At least he wasn't whining about cancel culture neutralizing a toy's non-existent gender or destroying the Muppets, or moaning about it ruining comedy, as the New York Post walked Billy Crystal into doing a few days before this.

But his blaming cancel culture for the overall mediocrity of TV and movie was quite honestly flabbergasting – he's worked behind the camera and in front of it, and he knows how this industry works. Even if he's repeating fears that have been whispered in his ear by other frightened creatives, Glover should know better than to feed that lazy old scapegoat.

Everybody knows networks and studios are rushing to score the next "Game of Thrones" – even HBO, which has a prequel in the works. One killer piece of intellectual property feeds an entertainment corporation's coffers for decades, generating potential billions of dollars' worth of merchandising.

But individual creators are franchises too, and HBO knows this. The channel contributed to making names like David Chase ("The Sopranos"), David Simon ("The Wire"), David Milch ("Deadwood") and Larry David ("Curb Your Enthusiasm") synonymous with originality and excellence. HBO gave David Benioff and his partner D.B. Weiss free rein to steer "Game of Thrones" into the ground.

Davids have generally excelled at HBO, is what we're saying. But their shared appellation isn't the reason. Chase, Simon, Milch and David display a uniqueness of vision realized in their work, but that matters less than their names being associated with content that sells.

Whedon's brand has a track record of selling well, too. Marvel fans may have been let down by what he did with "Avengers: Age of Ultron," but it's still the fourth highest-grossing film in the MCU with a worldwide box office gross exceeding $1.4 billion.

"Justice League" lost money for Warner, but "Buffy the Vampire Slayer" was still beloved and marketable until it got out that Whedon, the man who built his career on creating superhuman women, disempowered Cyborg and threatened Wonder Woman. The studio could have canceled him in 2018. It still hasn't, and it's unlikely it will.

"The Nevers" isn't even "an experimental mistake." It's a straight redux of his previous shows' themes and beats with the addition of toplessness and sex scenes. It also logged the best-ever HBO Max debut for an original series, with the premiere attracting more than 1.4 million across linear channels and broadcast. Its season-to-date audience numbers have more or less held steady. Critics may call it muddled drivel, but this drivel is selling.

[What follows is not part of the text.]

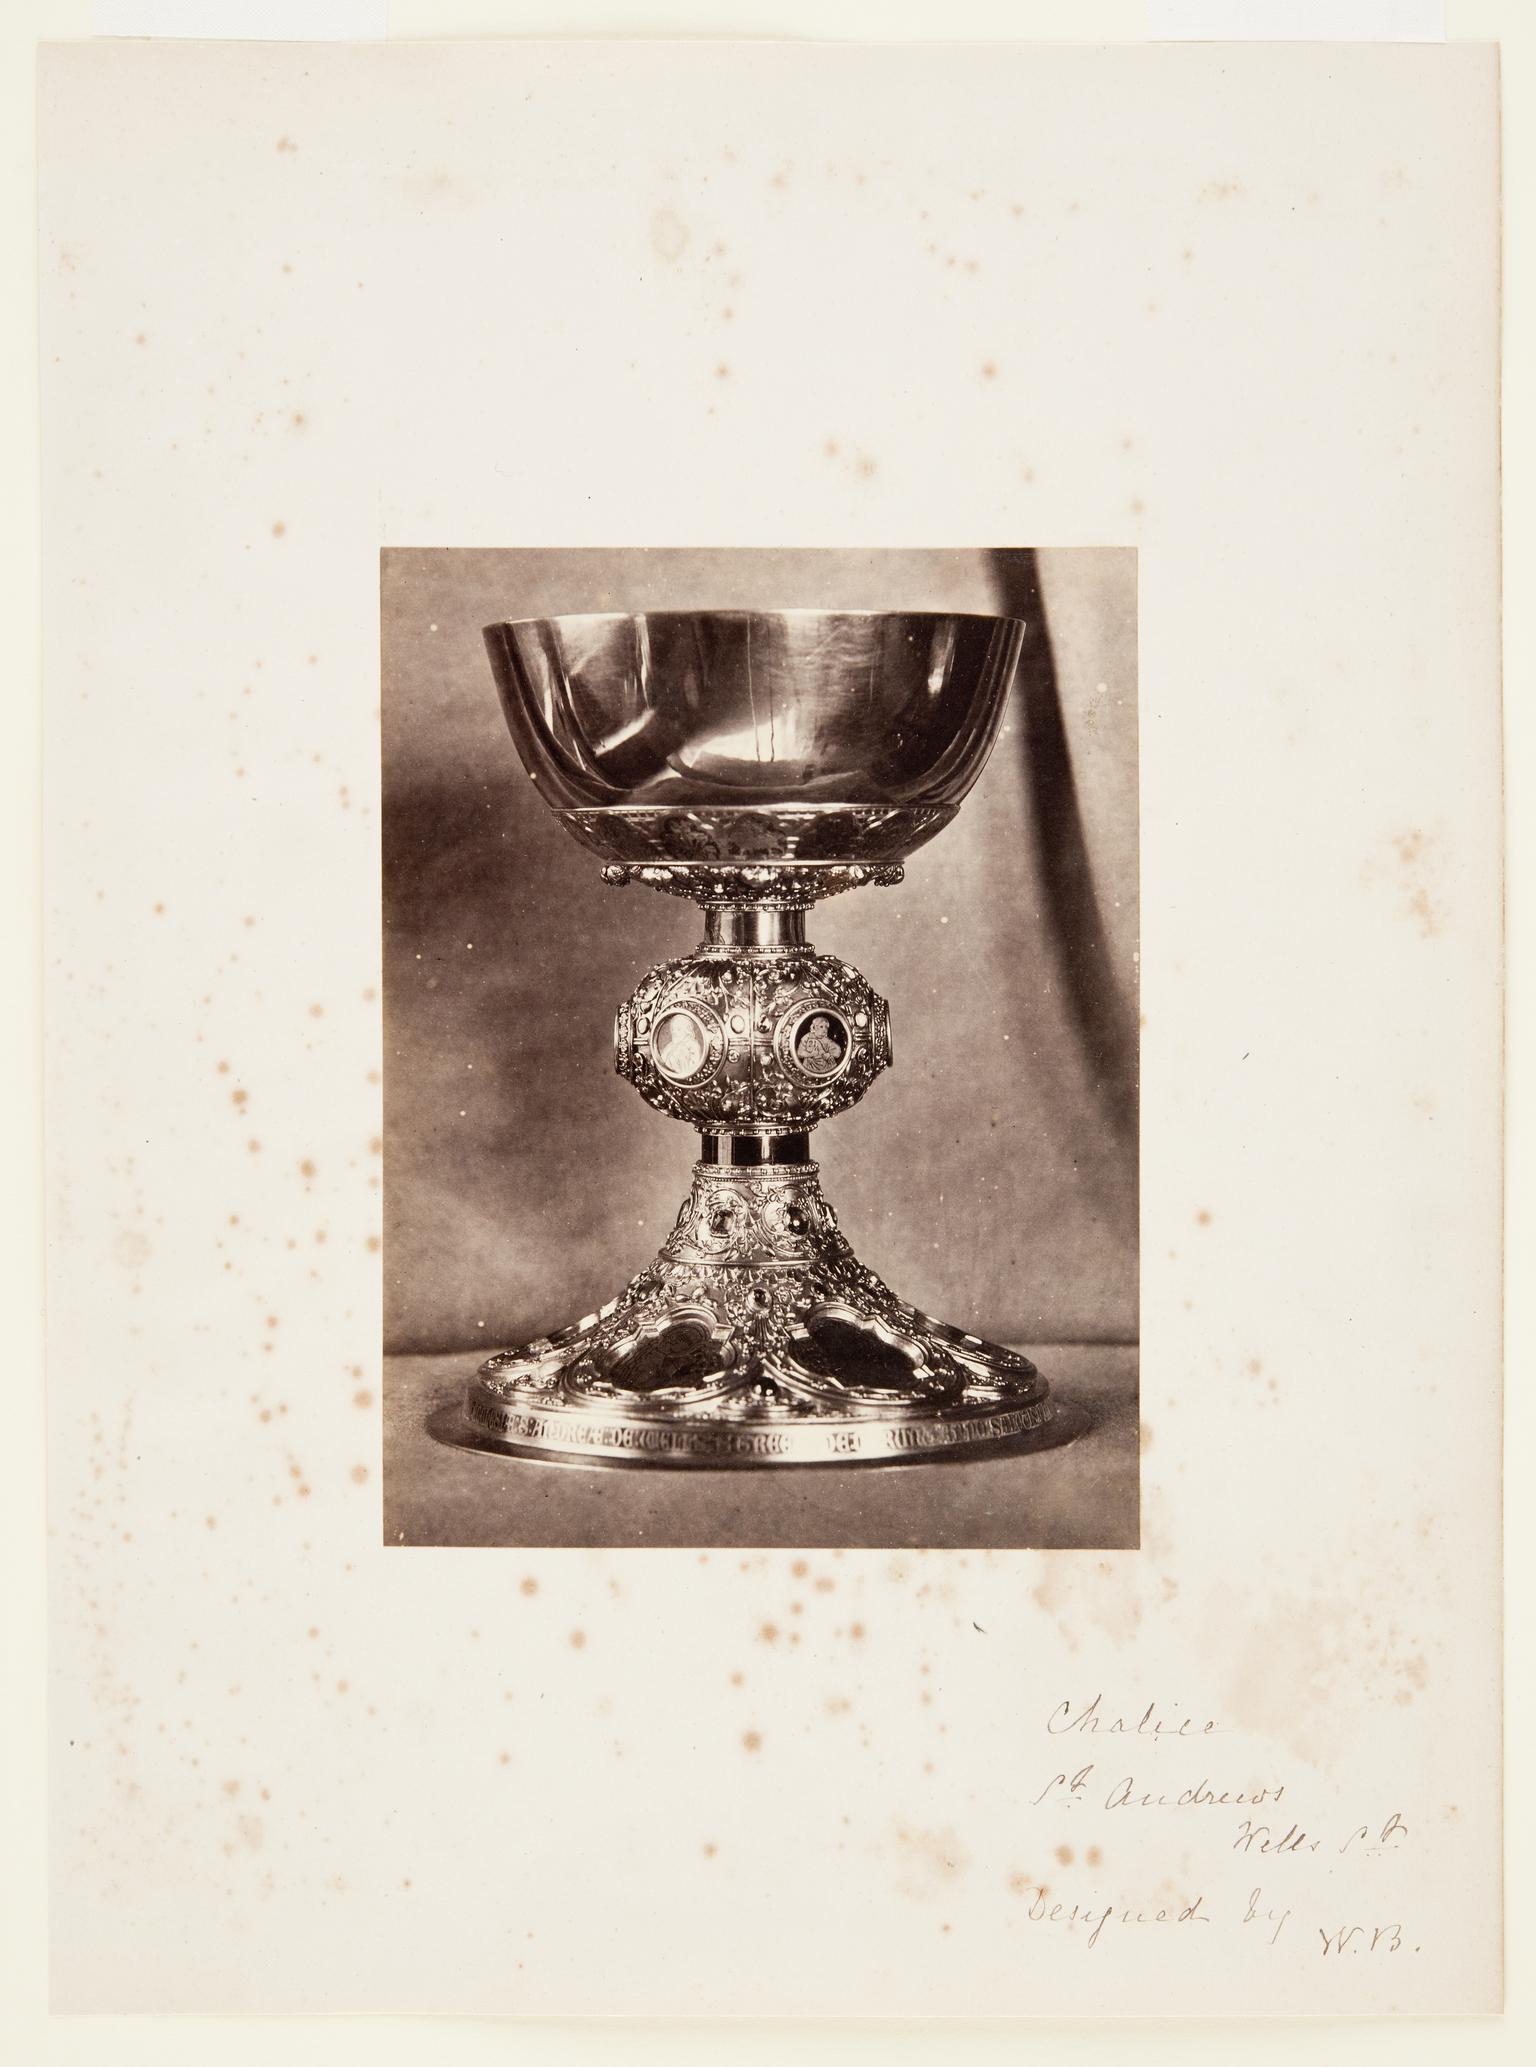 Chalice made for St Andrew's, Well Street

Besides, although people like Whedon aren't really getting canceled, neither is actual creativity. Glover knows this since the next season of "Atlanta" is in production right now. Other evidence of massive originally abounds across serialized entertainment.

HBO's also the home of "I May Destroy You," one of the freshest visions the medium has yielded in recent years, while HBO Max has the Jean Smart comedy "Hacks" and "Made For Love." Move over to Peacock and you can enjoy some real excellence in "Girls5Eva" and "Rutherford Falls," while Hulu is bringing us "PEN15" and "Shrill," and HBO's Warner sibling TBS is serving up Nasim Pedrad's "Chad."

All of these shows are made by or at least co-created by women and star women, and all of them are telling women's stories with genuine thoughtfulness. Nearly all of them are hilarious, and even the thematically dark "Made For Love" is loaded with bright humor.

Philippa Goslett has taken over as showrunner for "The Nevers," and we'll see what she'll does with the six as yet unaired episodes remaining in its first season. She's working with a decent overall concept – even the dumbest episodes contain sparkles of hope Goslett may experiment with, possibly transforming this retread of a fantasy story into something legitimately epic.

HBO might end "The Nevers" anyway, regardless of what she does. But if that happens, don't blame cancel culture. Instead, hope that studios become brave enough to ask her and others striving to become known names to pitch stories we haven't seen before, and nurture their originality. Give us a break from sameness instead of giving the Whedons of the world more of them.

"The Nevers" airs 9 p.m. Sundays on HBO, with previous episodes streaming on HBO Max.